Unlike in contentful tables, it is not possible to delete or update entries in a contentless table. Once you index data, it cannot be altered, and will remain part of any query you do now and in the future. The reason for this requirement is the way an FTS4 index is stored internally. It is optimized to get the rows from a list of tokens (searched words), but not the other way around. To prune a row without knowing which tokens were indexed, SQLite would have to pretty much scan the entire index searching for the rowid. With a contentful table, SQLite can check the content for that row, tokenize it again, quickly get to the relevant tokens in the index and alter things as needed.

It is possible to work around this by keeping track of obsolete docids and adding a new entry for each modification. Then, when you get results from a full-text search, you ignore the entries corresponding to obsolete data. I experimented for a while with such a setup, but Findings documents are heavily edited as the user works on them, and the search index needs to be updated on a regular basis. The table then keeps growing, which defeats the initial purpose of having a smaller database. In the end, a contentful table is not that big anyway, even with hundreds of documents in the Findings library. For better or for worse, Findings documents are mutable, so contentless tables are not a good fit. This is very different from what I covered here…

Going back to our use case: we don’t care about deletion. For immutable documents, this limitation of contentless FTS4 tables is completely irrelevant.

Where does that leave us, then? My earlier experiment showed that the relative space savings for large documents can be significant. When indexing help pages for instance, it is thus an alternative really worth considering. Contentless SQLite FTS4 tables + large immutable documents = Yay!

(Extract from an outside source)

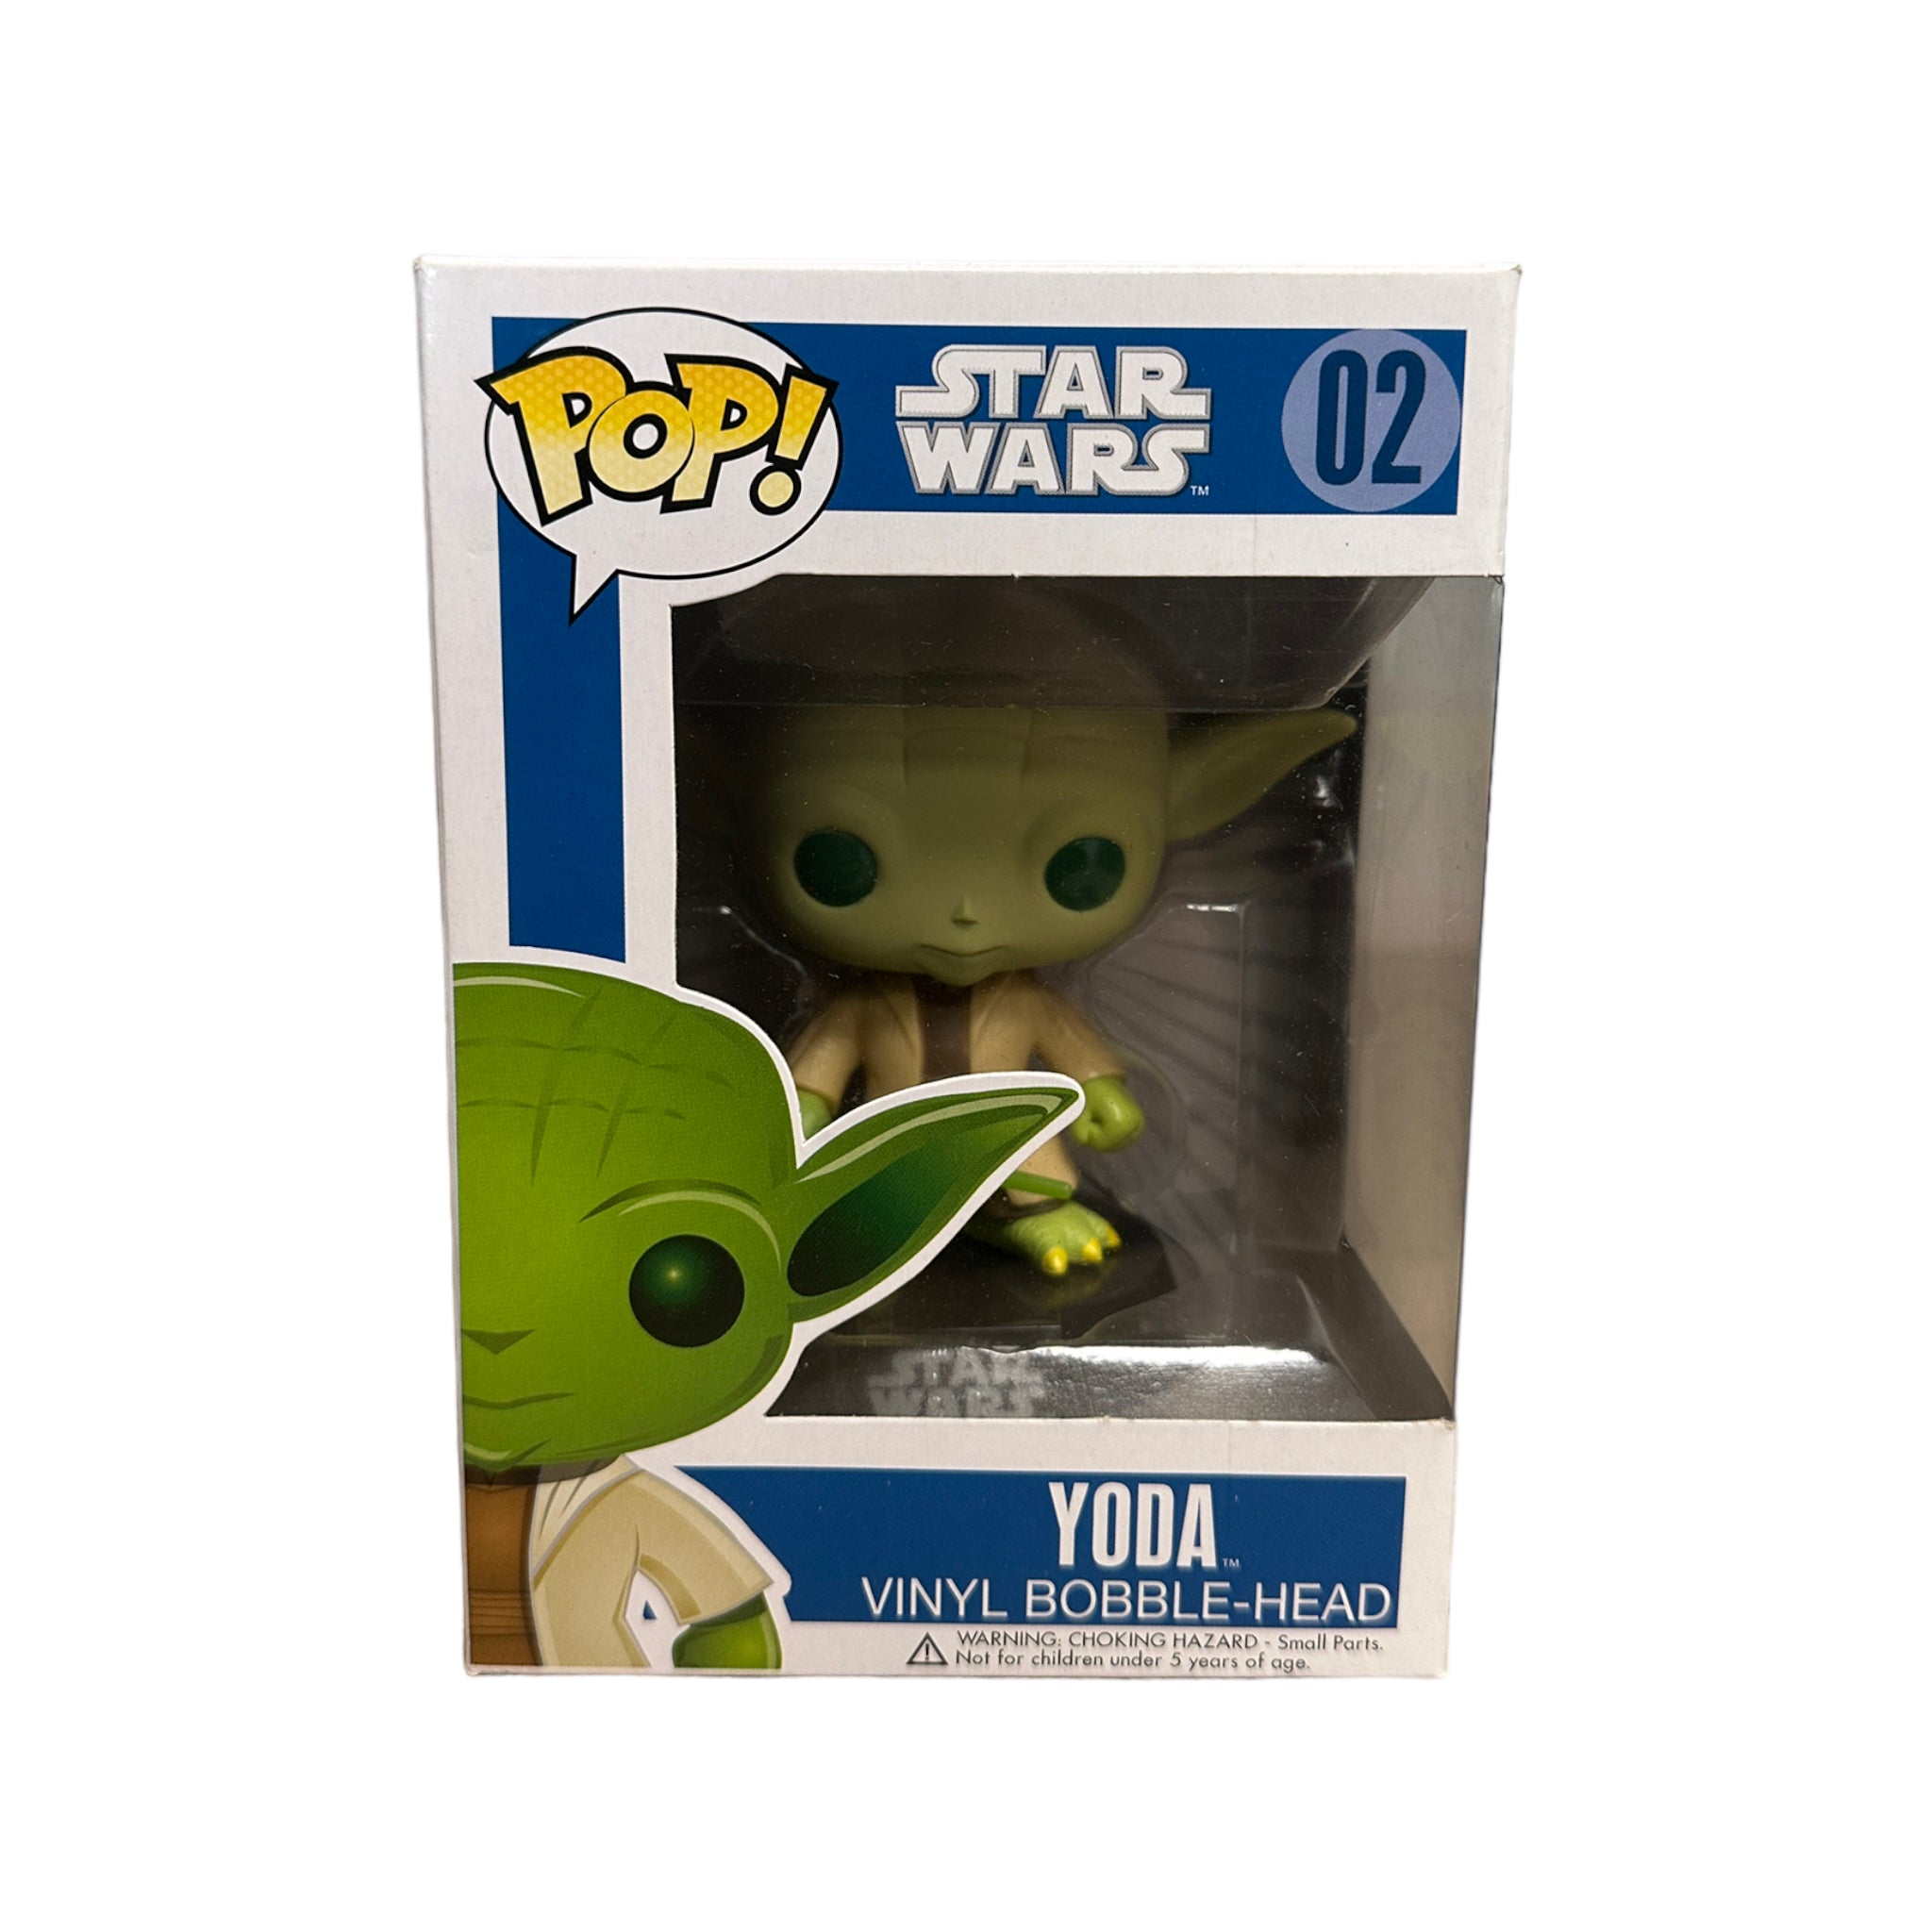 Yoda #02 (Large Writing) Funko Pop! - Star Wars - 2014 Pop! - Condition 7.5/10
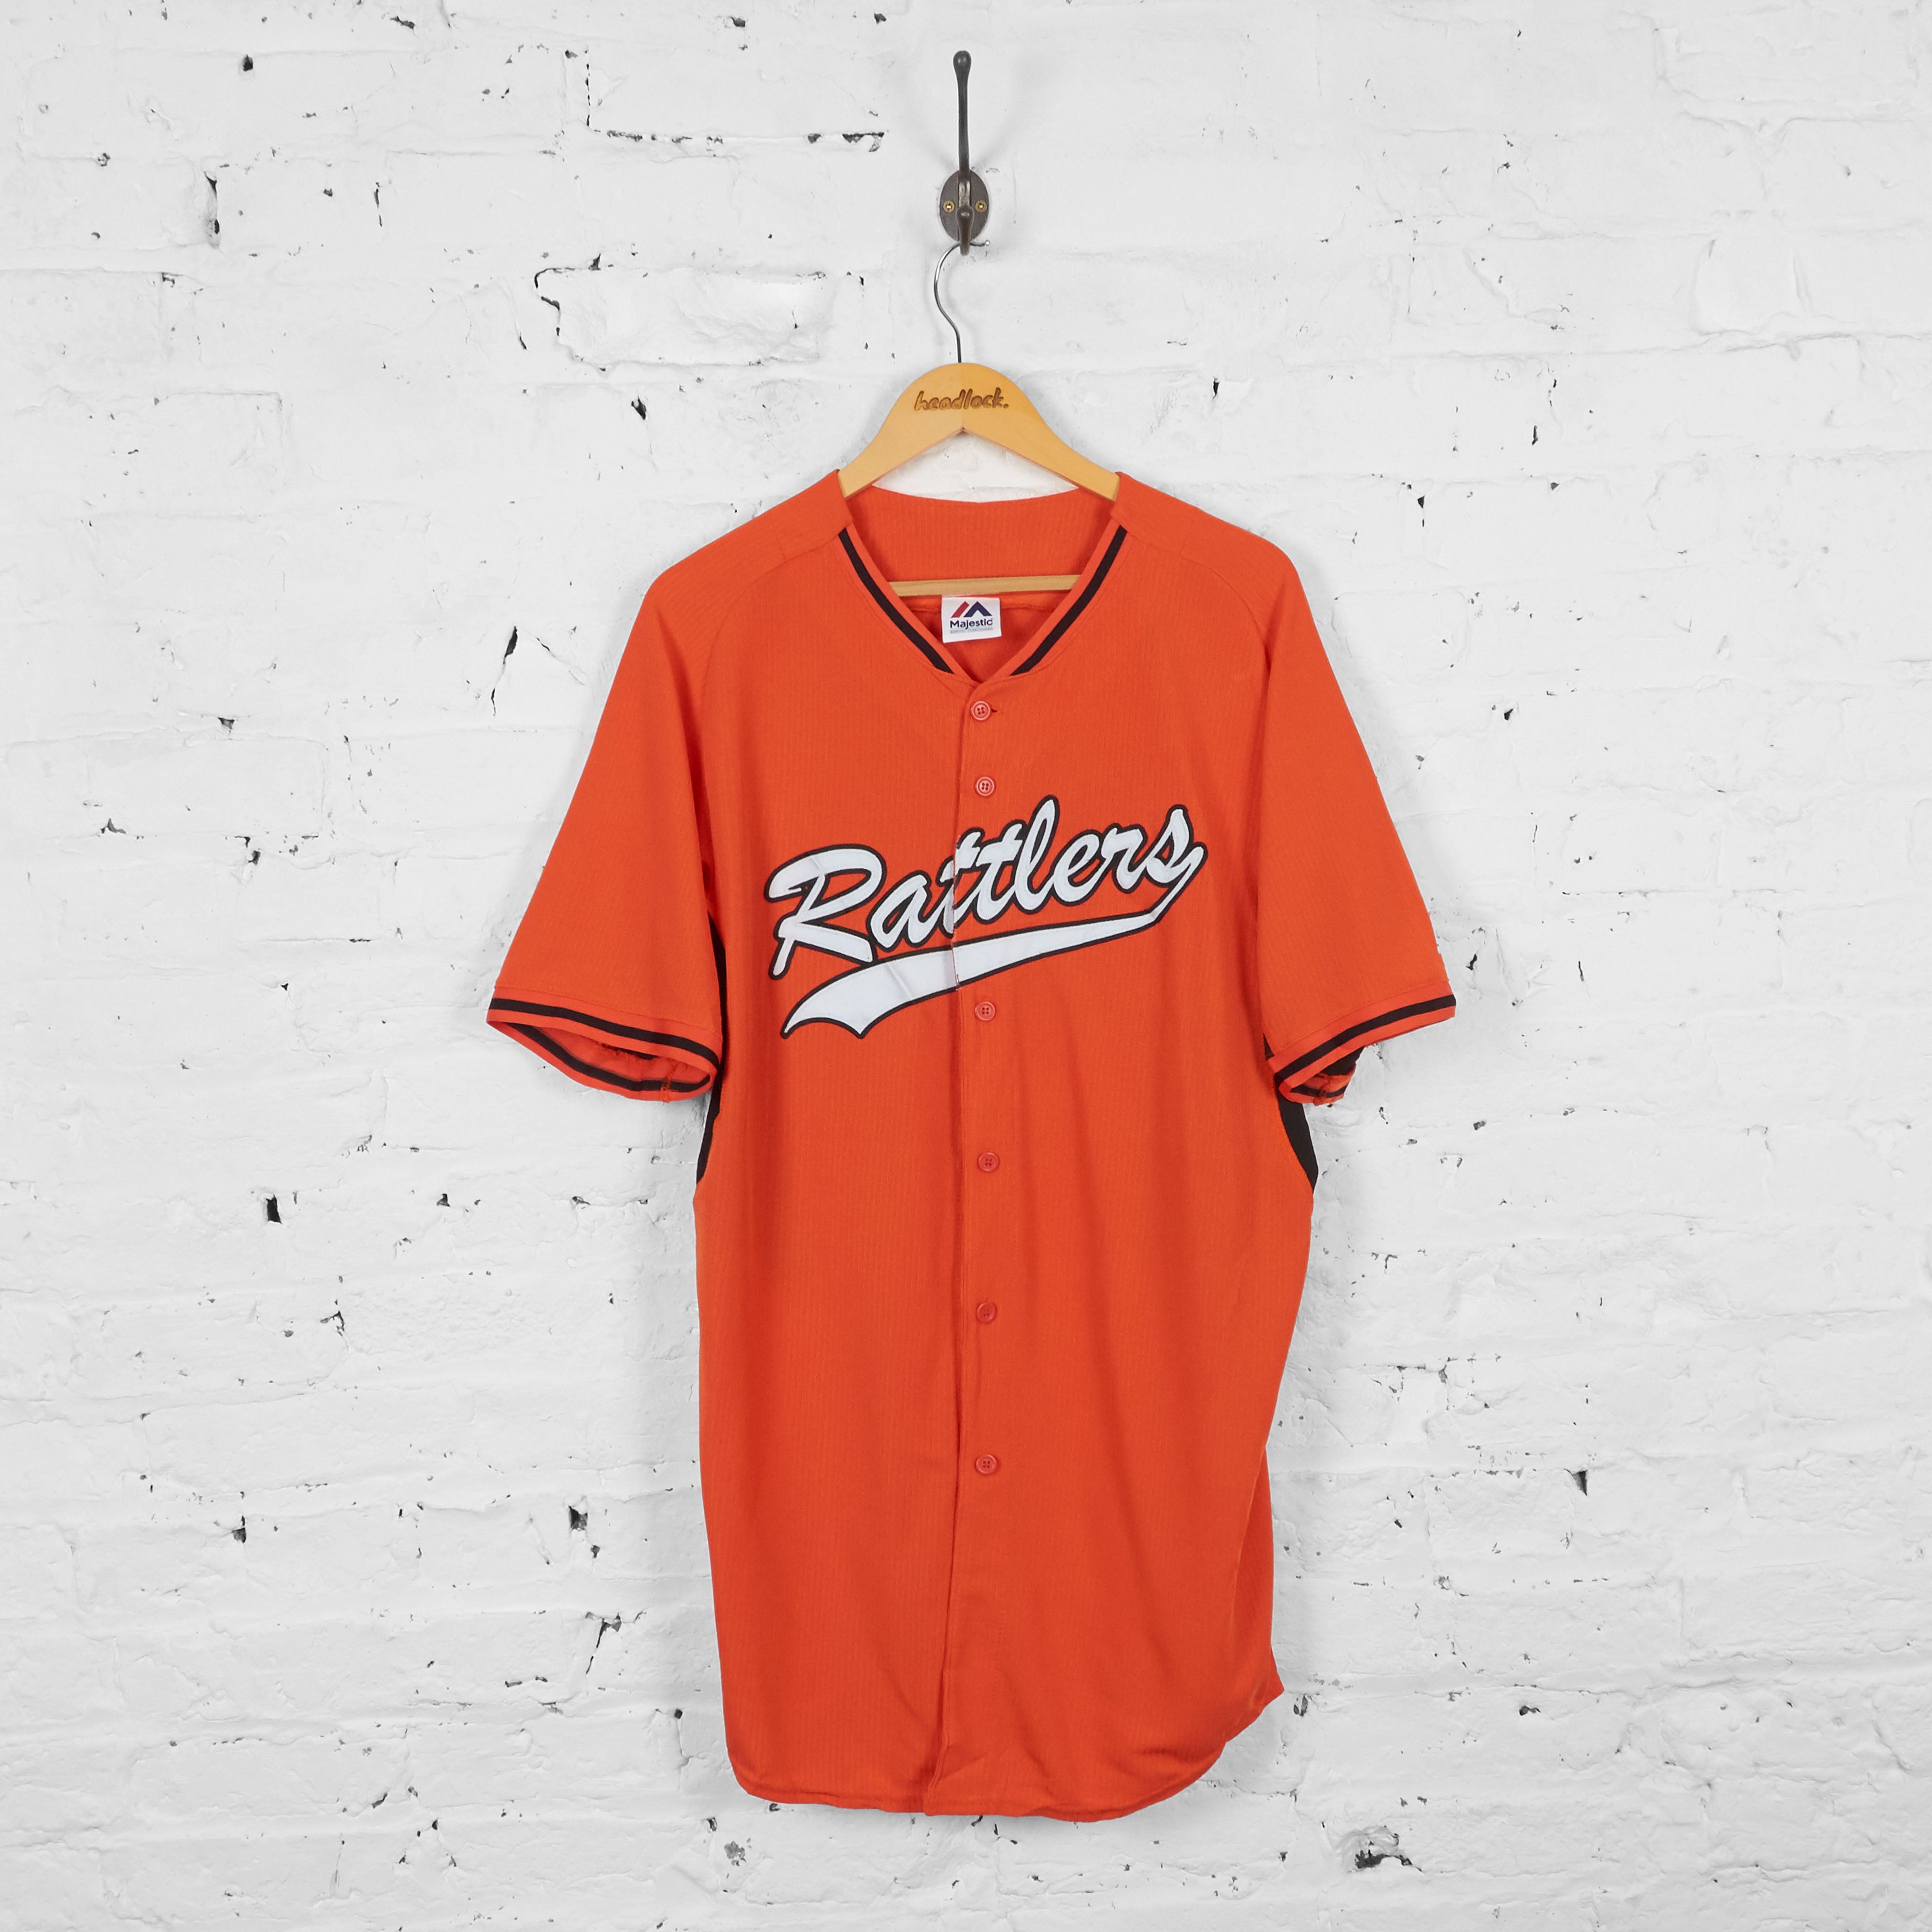 Vintage Orioles MLB Jersey

[Update Sept 8: Comment thread on HN]

1. Using the exact same data 10 times seemed like the best I could do for the scope of this post. Of course, it is a very artificial dataset: in the real world, nobody will ever index the same documents 10 times (right?). Using real data, though, would have made it harder to compare (3)/(4) with (1)/(2) since we would have to use a different corpus of data, and that could introduce artifactual differences (one set of data could be inherently easier to index, independent of the size). Still, the problem with my approach here is that the index will be smaller than it would be with real data, because we are not introducing new tokens with the additional documents. But hey, counter-argument: anyway, with real data, new tokens become increasingly less frequent even as you index more documents because most words will have already appeared in previous documents. OK, ideally, I’d scour the web for all kind of representative datasets, and index all of these. Alas, I only had time to write this footnote as an excuse, so let’s just move on. ↩︎